Configuration File

Simulation configuration is governed by a TOML file. The File structure is separated into 2 primary sections, the DetectorCharacteristics and the SimulationParameters. Both TOML sections map 1-to-1 to the nuspacesim.config dataclass objects of the same names.

Detector

This is a dataclass holding the Detector Characteristics for a given simulation. The member attributes are as follows:

  • method: Type of Detector, default = Optical

  • altitude: Altitude from sea level in km

  • lat_start: Latitude (Degrees | Radians)

  • long_start: Longitude (Degrees | Radians)

  • telescope_effective_area: Effective area of the detector scope. Default = 2.5 m^2

  • quantum_efficiency: Quantum Efficiency of the detector telescope. Default = 0.2

  • photo_electron_threshold: Threshold Number of Photo electrons. Default = 10

  • low_freq: Low end for radio band in MHz: Default = 30

  • high_freq: High end of radio band in MHz: Default = 300

  • det_SNR_thres: SNR threshold for radio triggering: Default = 5

  • det_Nant: Number of radio antennas: Default = 10

  • det_gain: Antenna gain in dB: Default = 1.8

Simulation

This is a dataclass holding the Detector Characteristics for a given simulation. The member attributes are as follows:

  • N: Number of thrown Trajectories

  • theta_ch_max: Maximum Cherenkov Angle in radians. Default = π/60 radians (3 deg)

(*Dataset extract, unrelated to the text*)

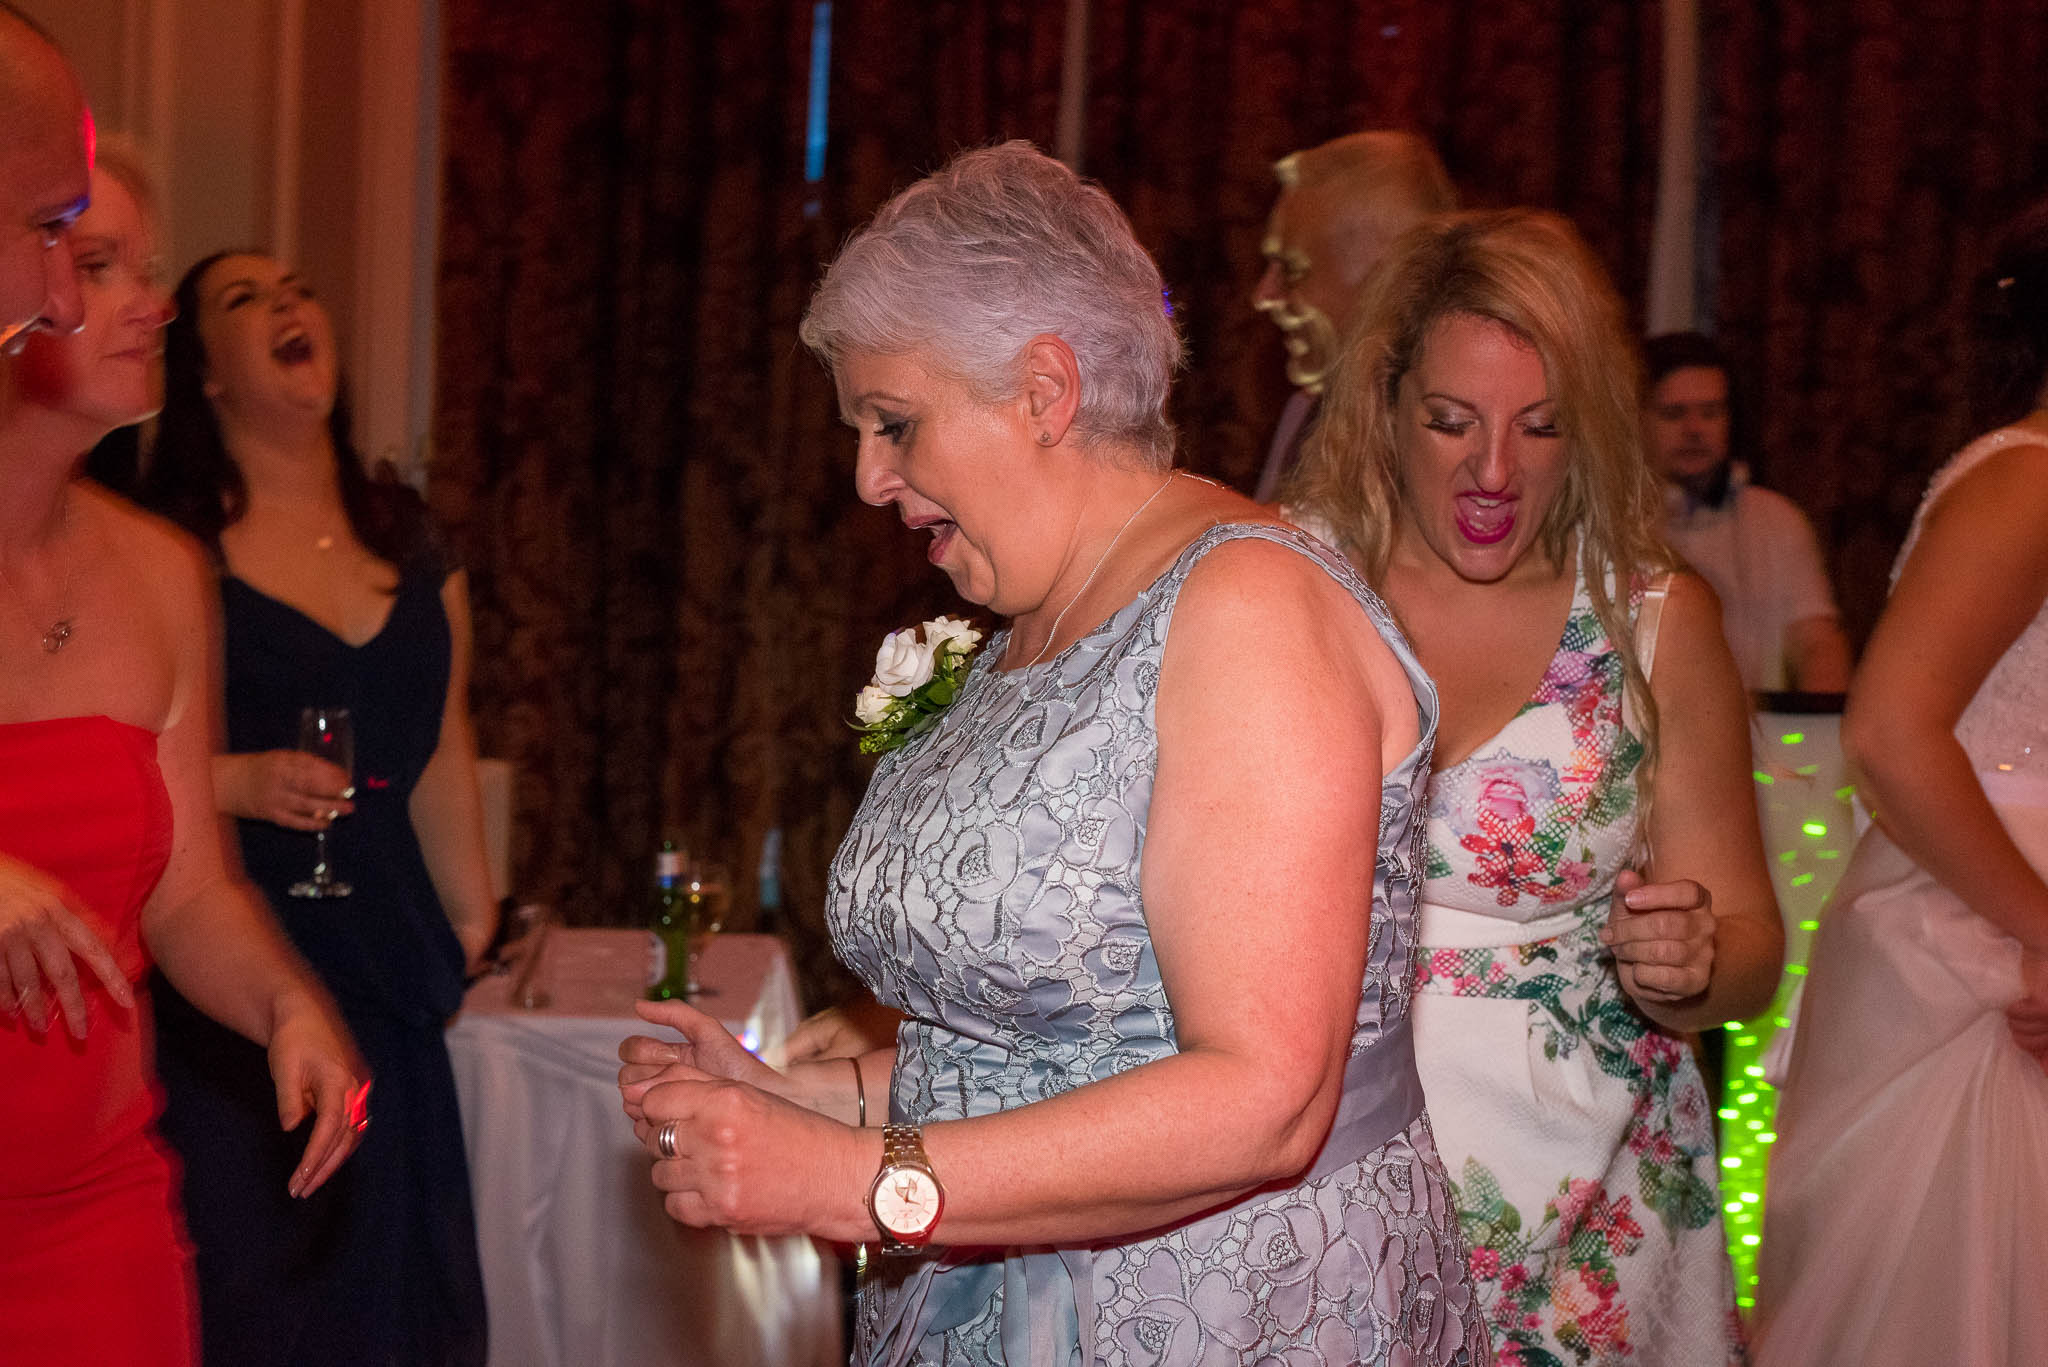 Crathorne Hall Hotel Wedding Photographer92.jpg

  • spectrum: Distribution from which to draw nu_tau energies. See Spectrum Classes.

  • e_shower_frac: Fraction of ETau in Shower. Default = 0.5

  • ang_from_limb: Angle From Limb. Default = π/25.714 radians (7 degrees)

  • max_azimuth_angle: Maximum Azimuthal Angle. Default = 2π radians (360 degrees)

  • model_ionosphere: Model ionosphere for radio propagation?. Default = 0 (false)

  • TEC: Total Electron Content for ionospheric propagation. Default = 10

  • TECerr: Error for TEC reconstruction. Default = 0.1

Spectrum Classes

Two Neutrino energy spectra type classes are implemented, with another having only stub support. These configurations determine the energies of the neutrinos thrown in the simulation.

MonoSpectrum

Neutrino energies are a scalar constant.

  • log_nu_tau_energy: Log base 10 energy of the tau neutrinos in GeV.

PowerSpectrum

Neutrino energies are drawn from a modified power law distribution

  • index: Power Law Log Energy of the tau neutrinos in GeV

  • lower_bound: Lower Bound Log nu_tau Energy GeV.

  • upper_bound: Upper Bound Log nu_tau Energy GeV.